**Exercise description:** Below are some records; copy them word for word and drop the pictures.

**Excerpts from a dataset:**

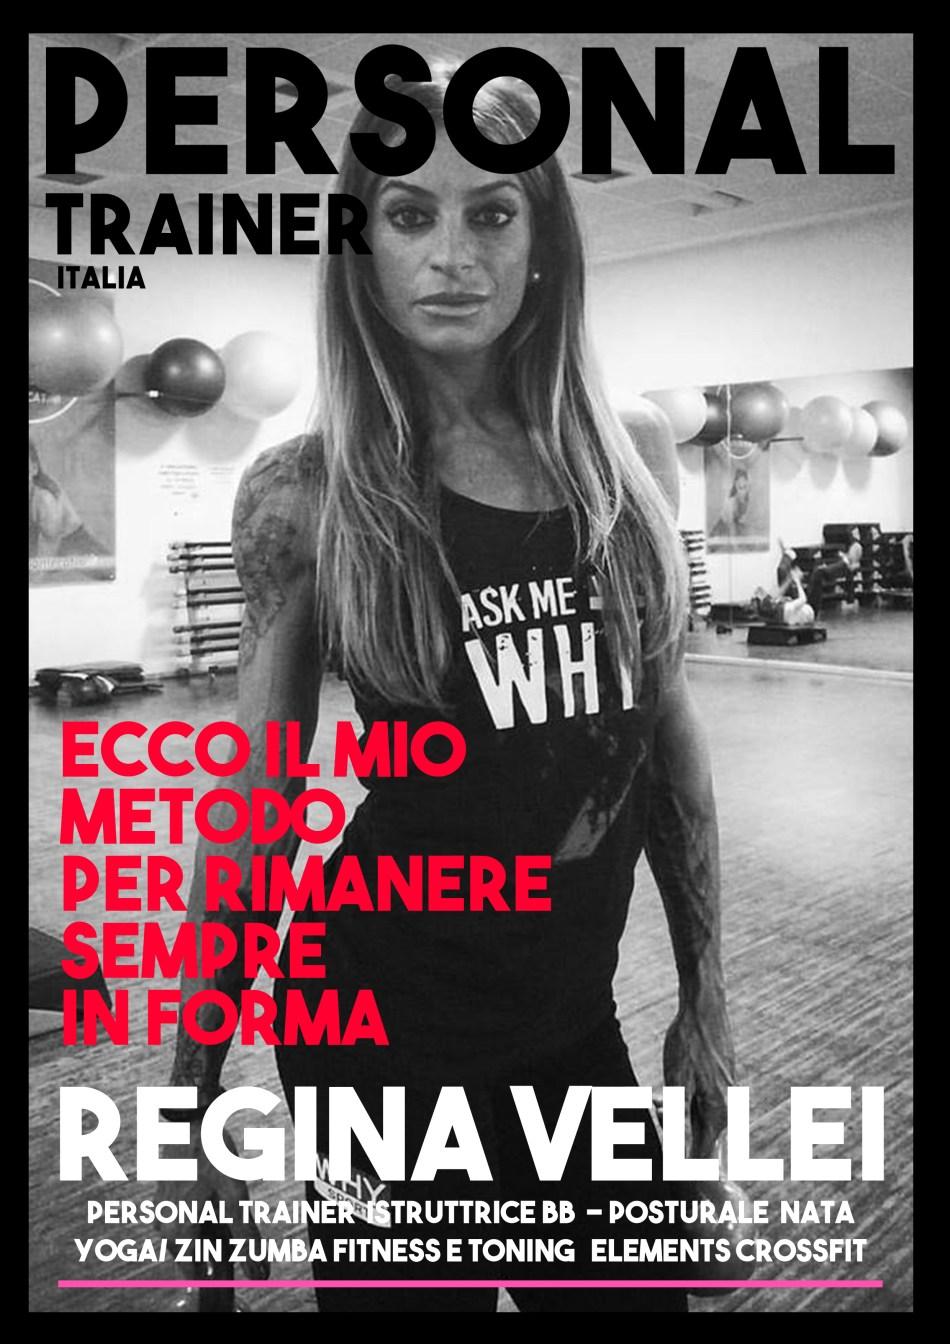 Personal Trainer Italia
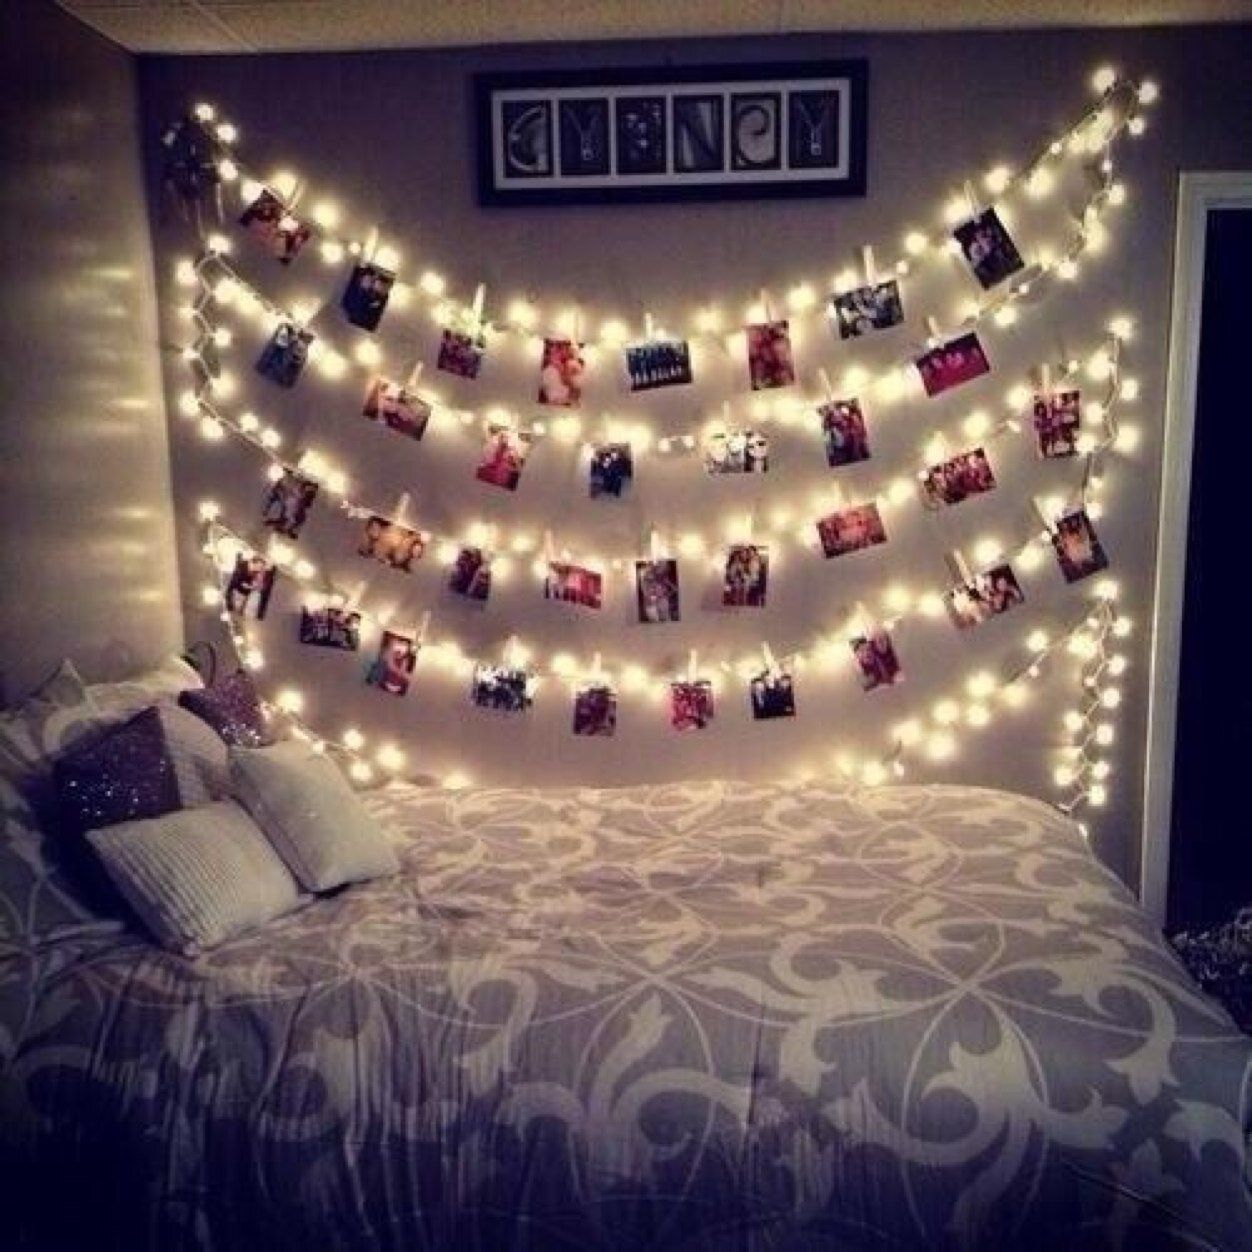 50 Stunning Ideas for a Teen Girl's Bedroom | Pinterest | Teen
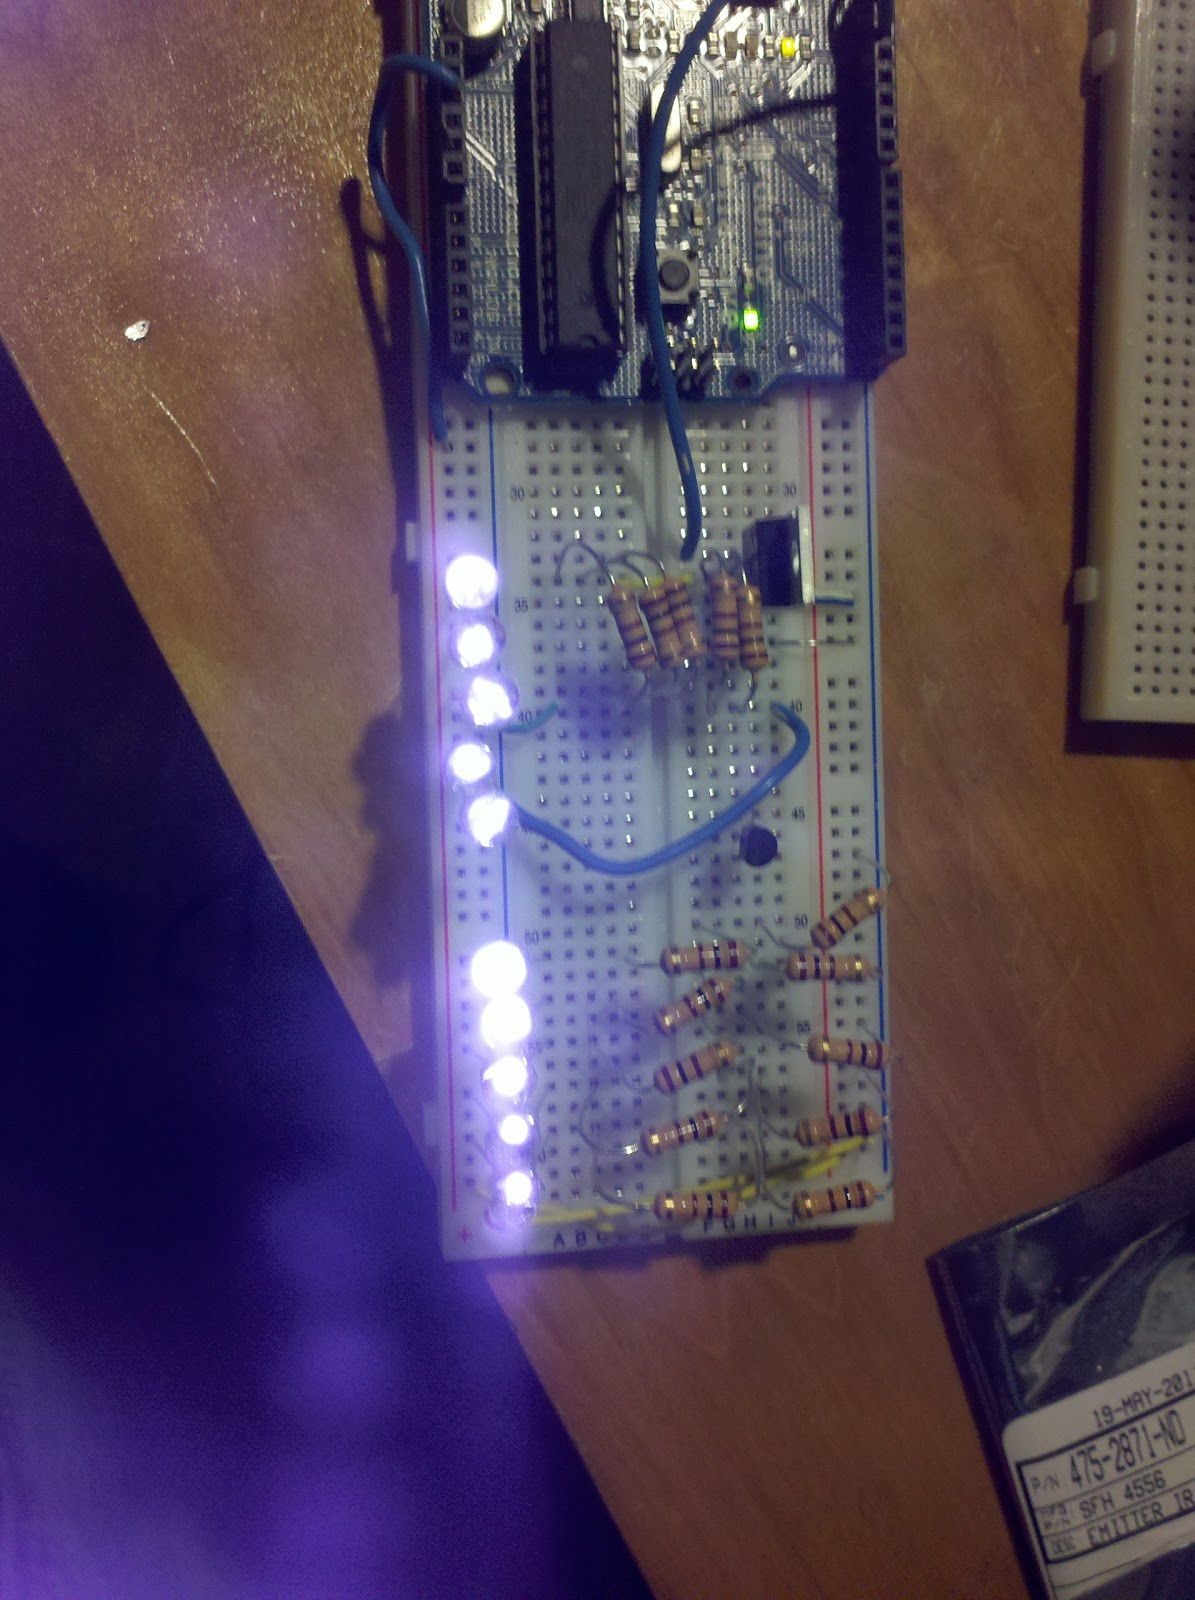 Siliconfish: IR LED speed/red light license plate photo blocker
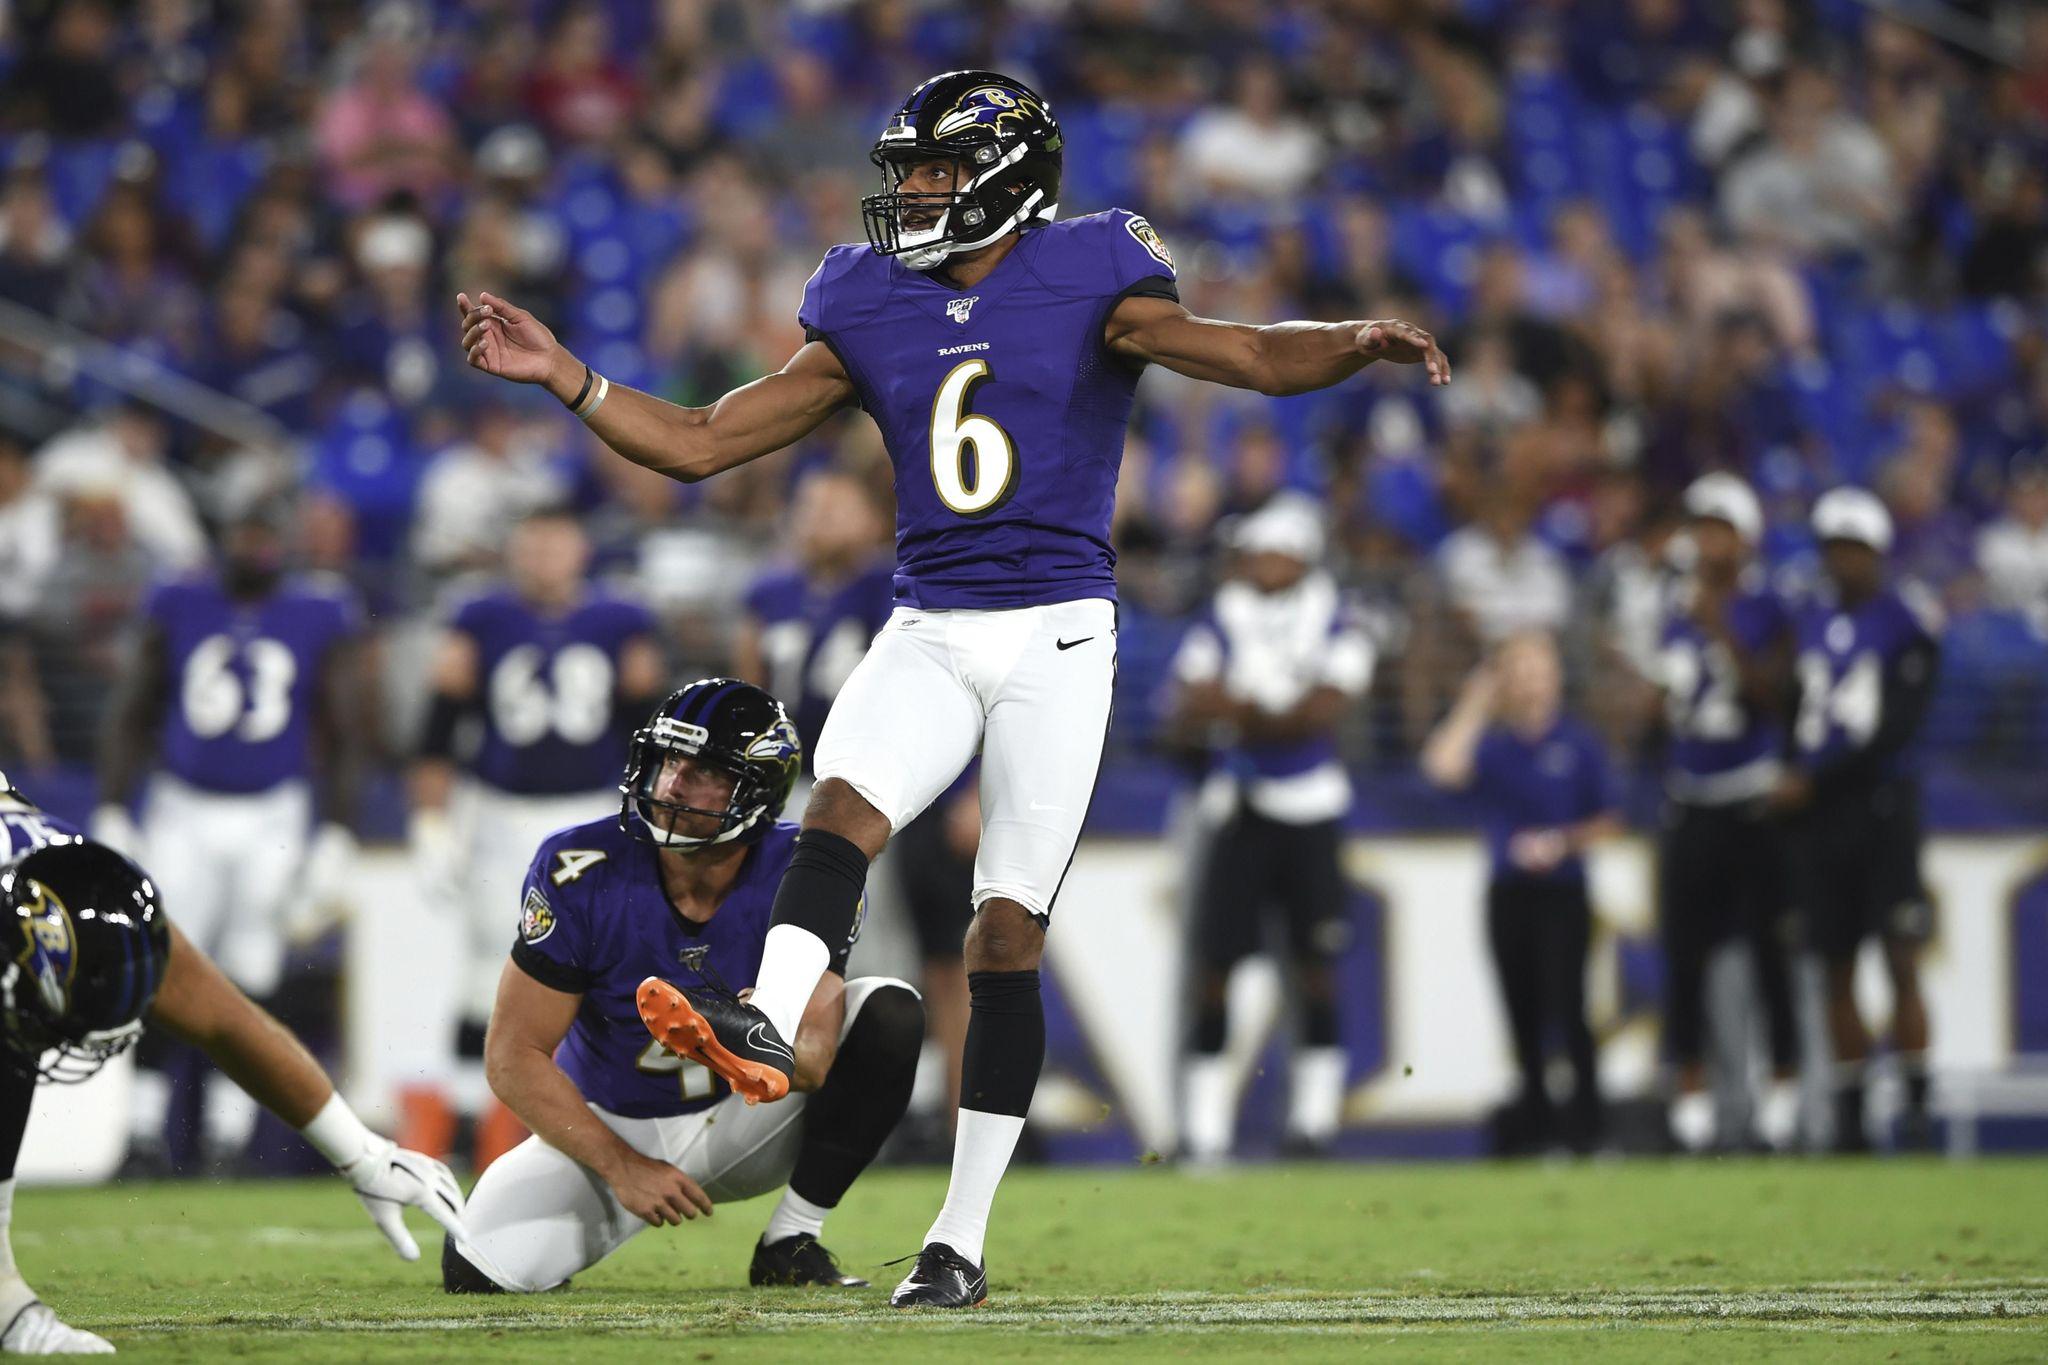 Ravens_vikings_trade_football_47198_s2048x1365
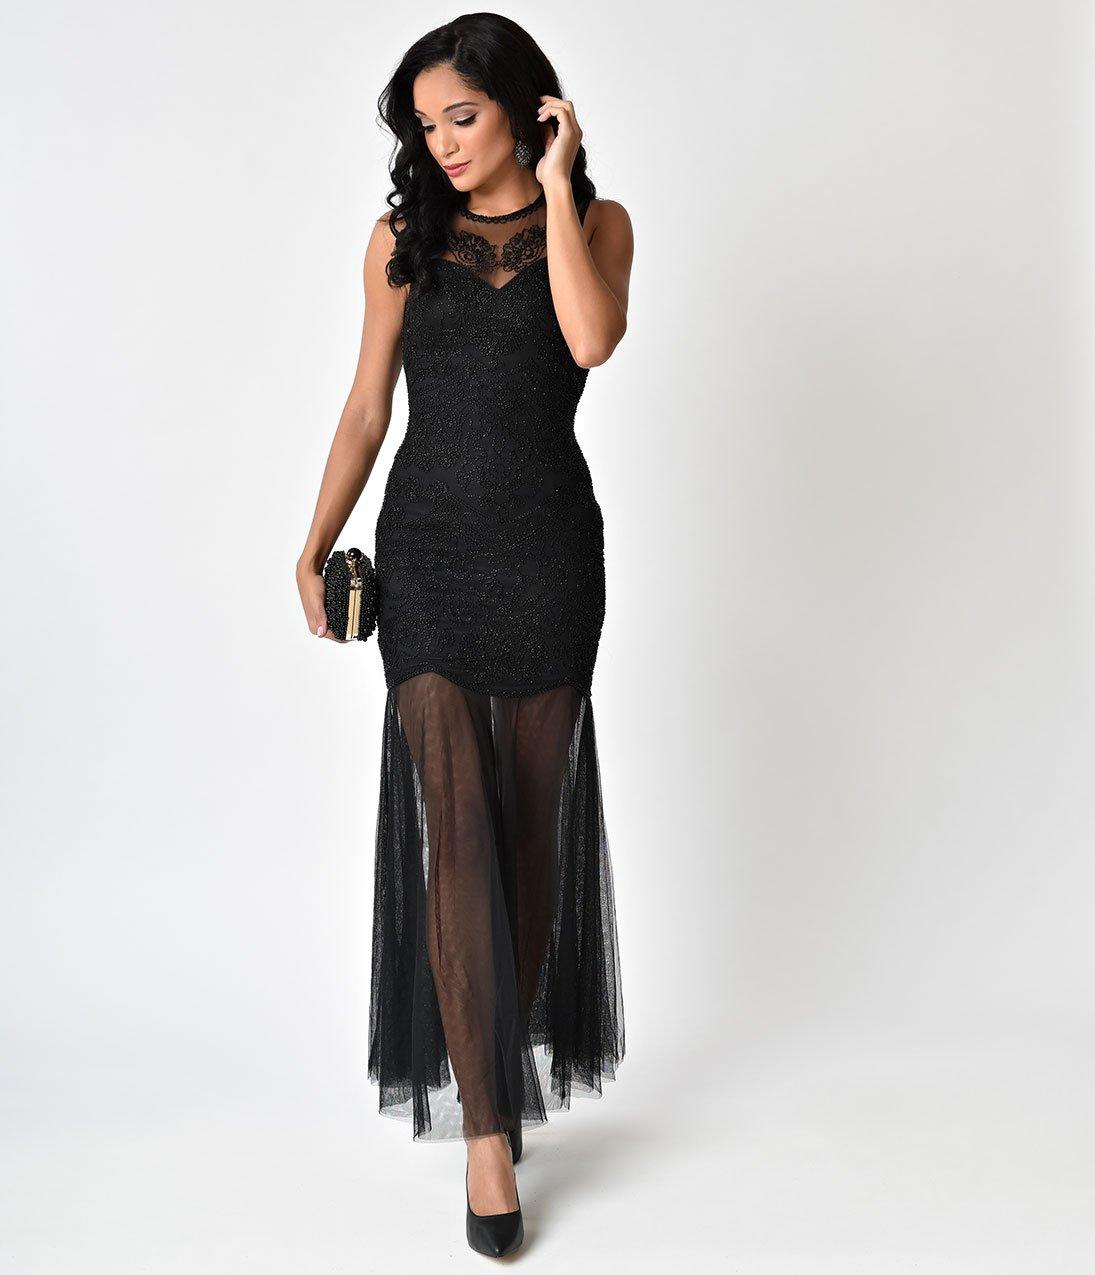 Black_Beaded_Mermaid_Long_Flapper-Style_Cocktail_Dress_5_2048x2048.jpg

**Response area:**
 Personal Trainer Italia
 50 Stunning Ideas for a Teen Girl's Bedroom | Pinterest | Teen
 Siliconfish: IR LED speed/red light license plate photo blocker
 Ravens_vikings_trade_football_47198_s2048x1365
 Black_Beaded_Mermaid_Long_Flapper-Style_Cocktail_Dress_5_2048x2048.jpg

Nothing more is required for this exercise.